The Alchemist had some work to do before he finalized the powder, and for that he needed to concentrate, to forget about the new danger menacing him. After all, he had guards-six bull ogres of the Dowager Queen’s personal escort-and was high up in the tower of the lofty castle. He ought to be safe, beyond the reach of any intruder.
He set to work with a vengeance, his movements swift and precise. At least, such was his intention. Increasingly, however, his fingers trembled, or he found himself leaning on the bench to catch his breath, fighting dizziness.
He proceeded, as best as he could. First, he distilled acid over a low fire, allowing the caustic material to sizzle through a series of tubes until it collected in a glass decanter. He mixed gold dust with the sacred ashes in a great vat, while sorting other elements into a centrifuge powered by the pedaling of an ogre watchman.

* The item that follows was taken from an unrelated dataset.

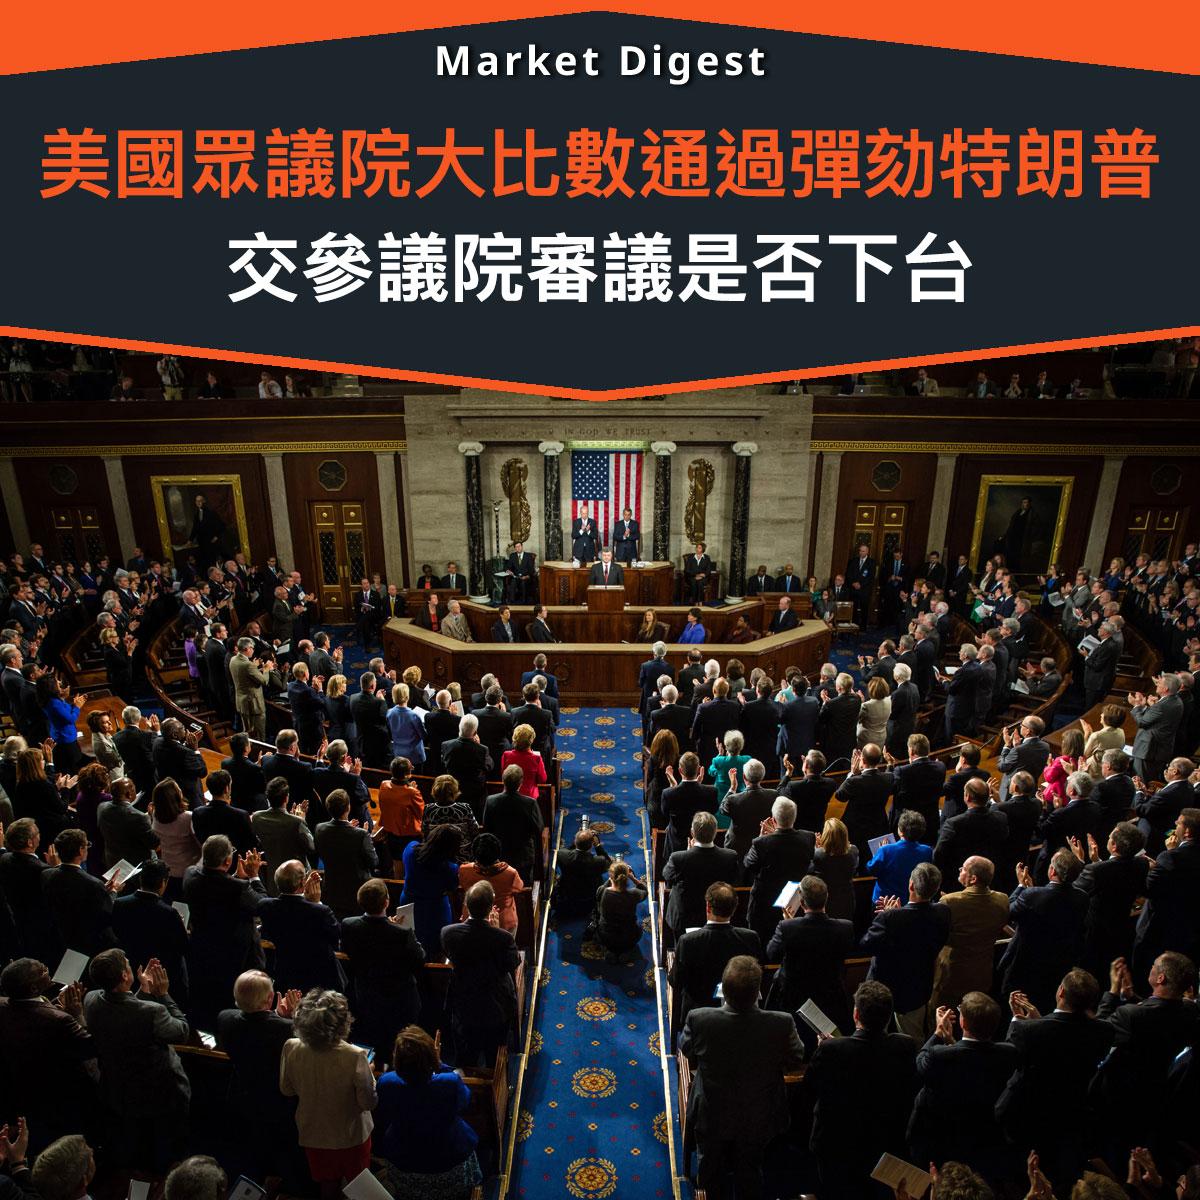 【市場熱話】美國眾議院大比數通過彈劾特朗普,交參議院審議是否下台

In fact, all six of his guards crowded his lab, stood too close, stepped on his toes, and generally got in the way. His impatience grew until finally the Alchemist barked at them.
“Stand back, you louts! Do you want to call down the wrath of the Dowager Queen?”
The warning had the desired effect. The guards, all afraid of the elder ogress-with good cause, he knew-withdrew to the far side of the laboratory. There they watched him with narrowed eyes and muttered growls. He ignored them, focusing anew upon his work.
He found his attention wandering again, musing on the danger presented to him by this elf the king had called the Messenger. For more than a decade the Alchemist had feared such a vengeful visitor. He had long expected that, somehow, the elves, his people, would find him and punish him.